Given material:
■ ■ ■ ■ ■ ■ ■

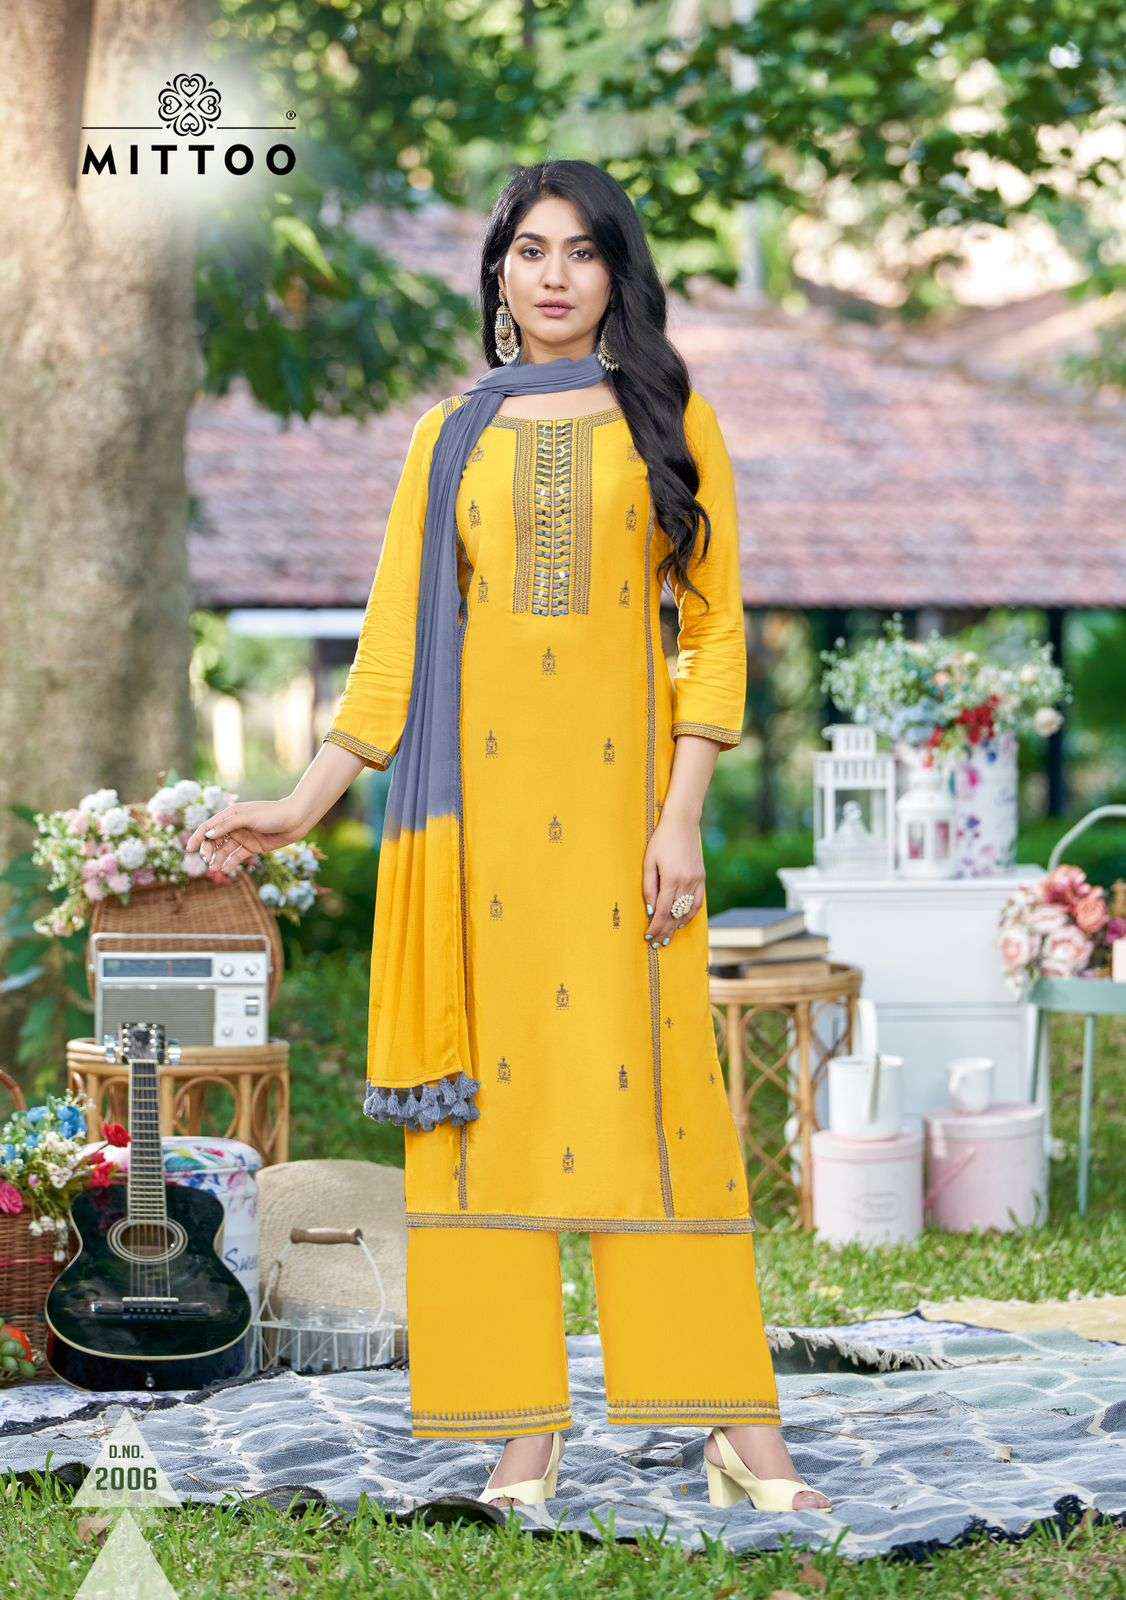 Mittoo Roop Festive Collection Party Wear Readymade Suits ( 6 Pcs Catalog )
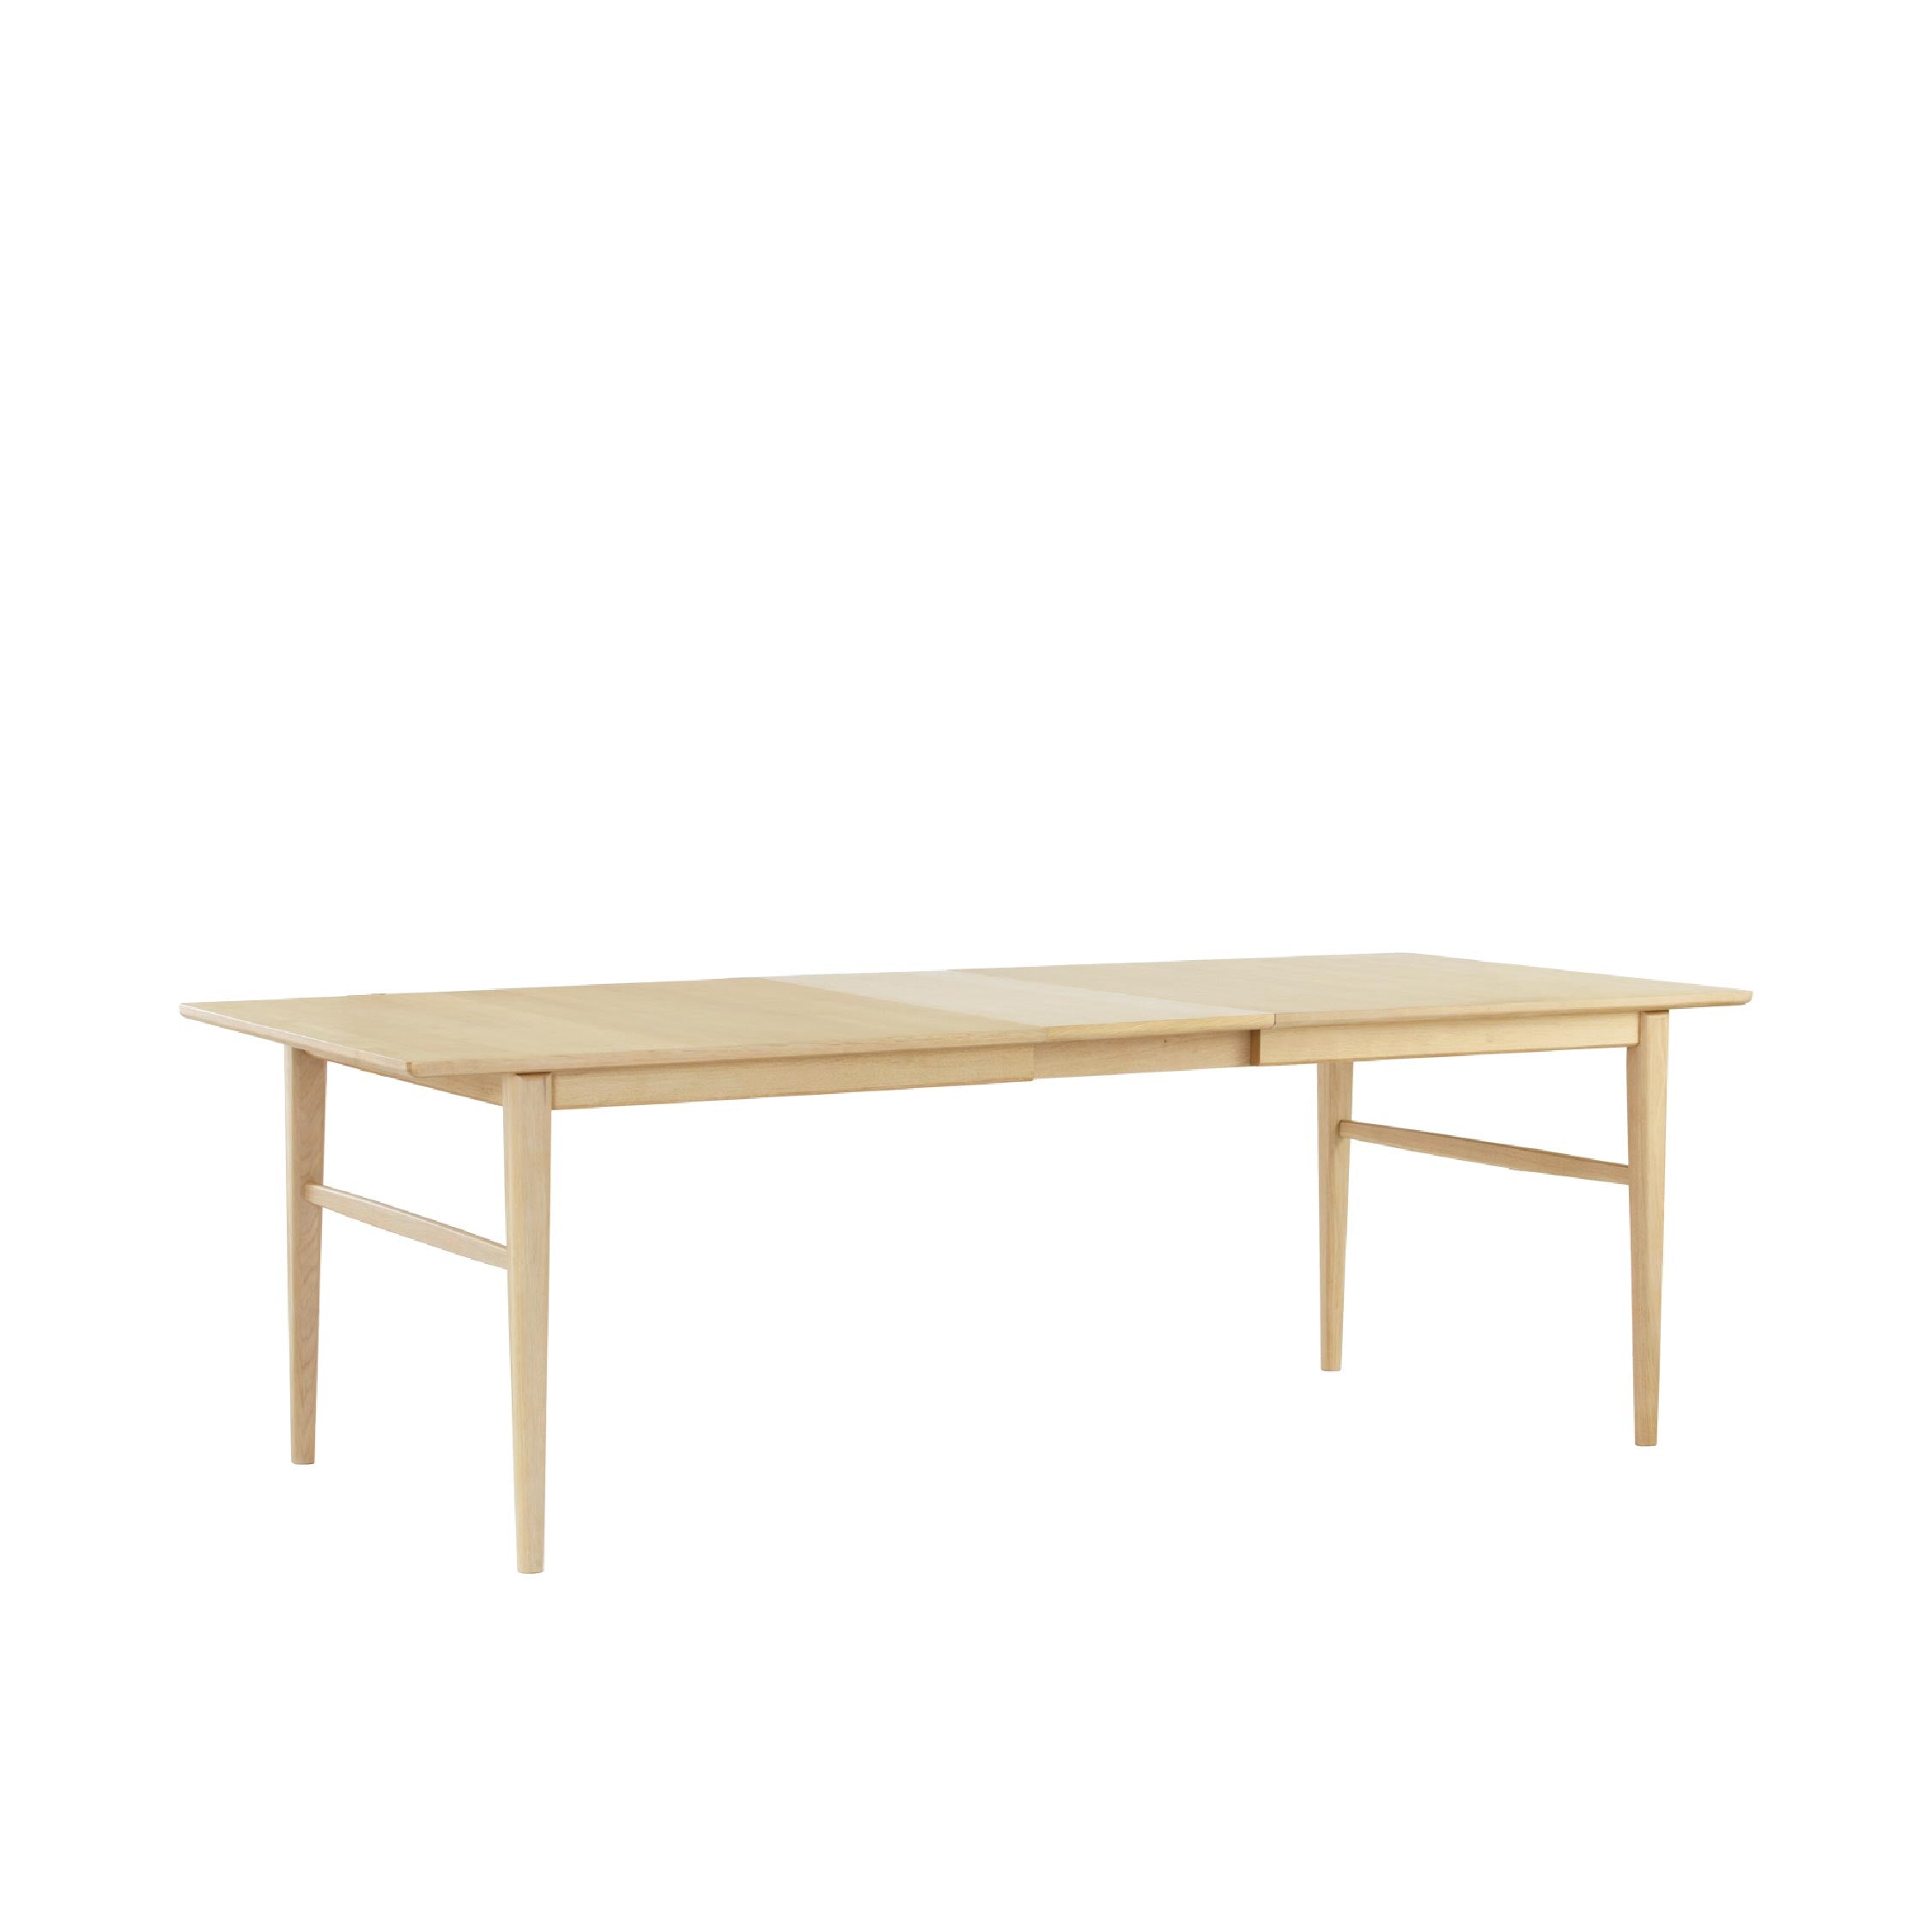 SOLID Extendable Dining Table 2.95m
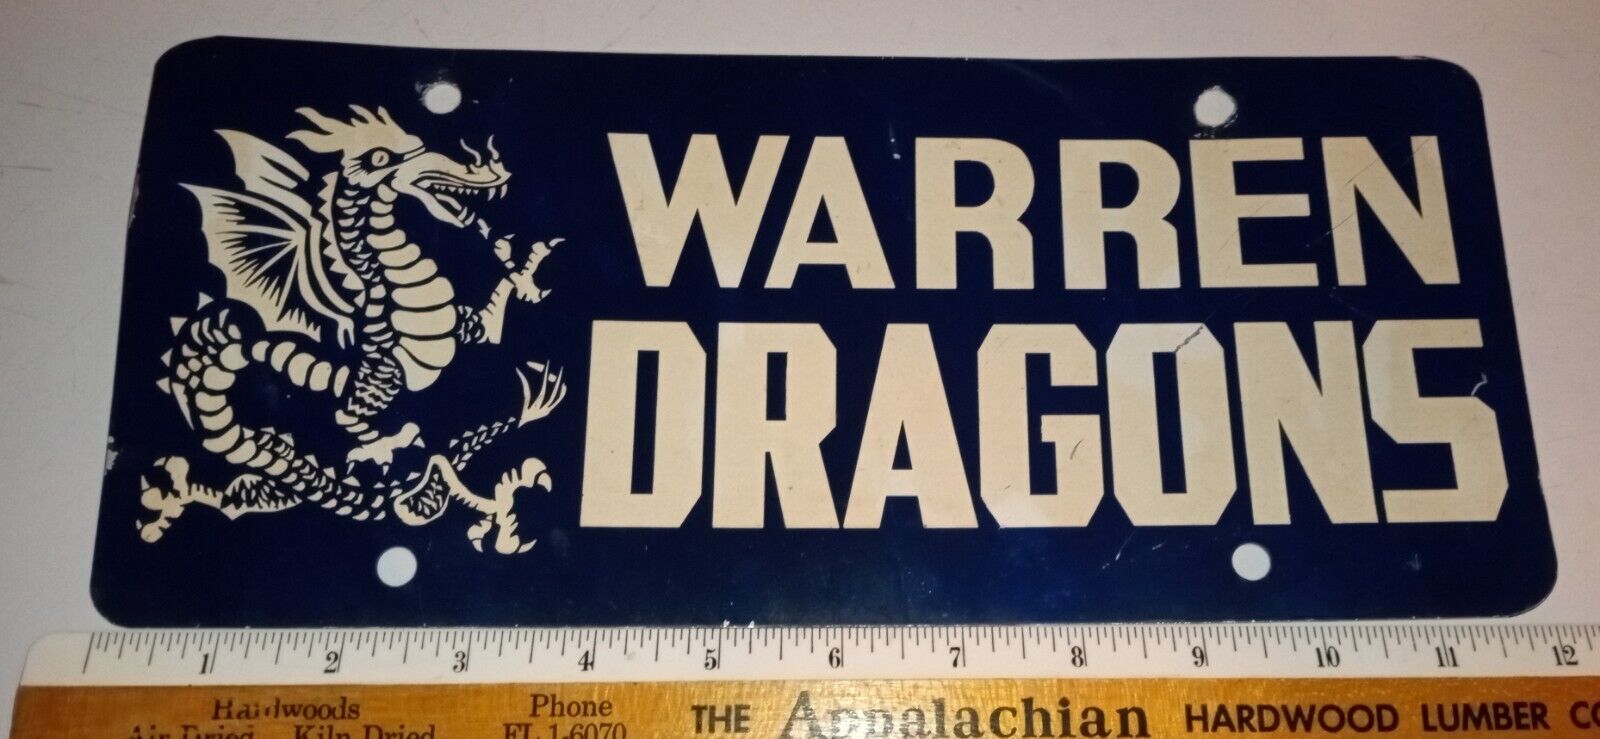 Old 1960s Pennsylvania Car License Plate Warren PA Dragons Booster License Plate
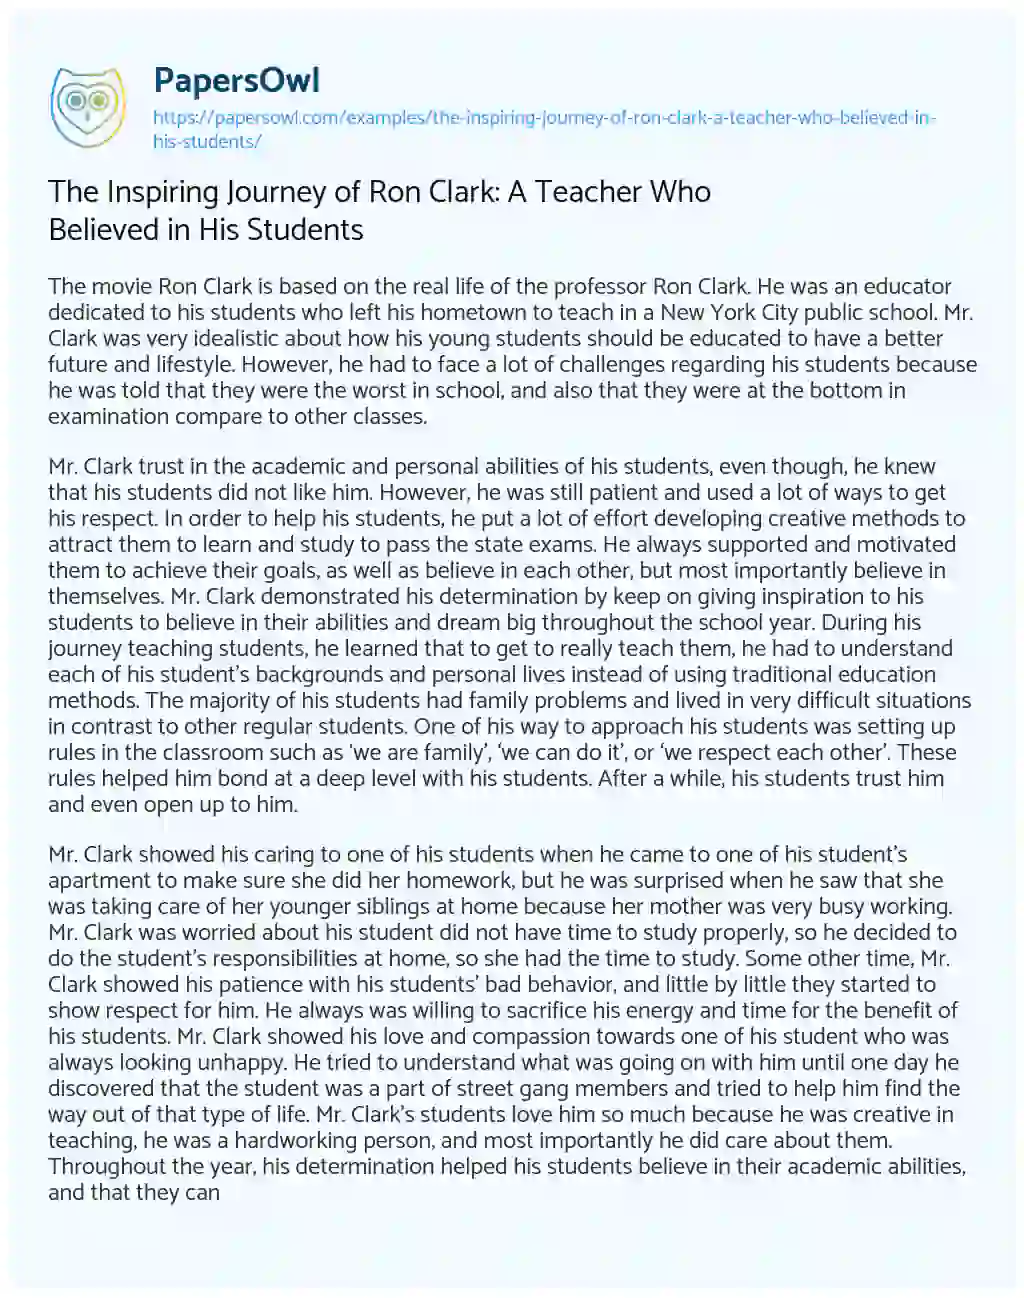 Essay on The Inspiring Journey of Ron Clark: a Teacher who Believed in his Students

■ ■ ■ ■ ■ ■ ■

Exercise goal:
What is needed is an exact copy of every line from the one with "Old 1960s Pennsylvania" to the end of the listing above, with the pictures left out.

Output below:
 Old 1960s Pennsylvania Car License Plate Warren PA Dragons Booster License Plate
 Essay on The Inspiring Journey of Ron Clark: a Teacher who Believed in his Students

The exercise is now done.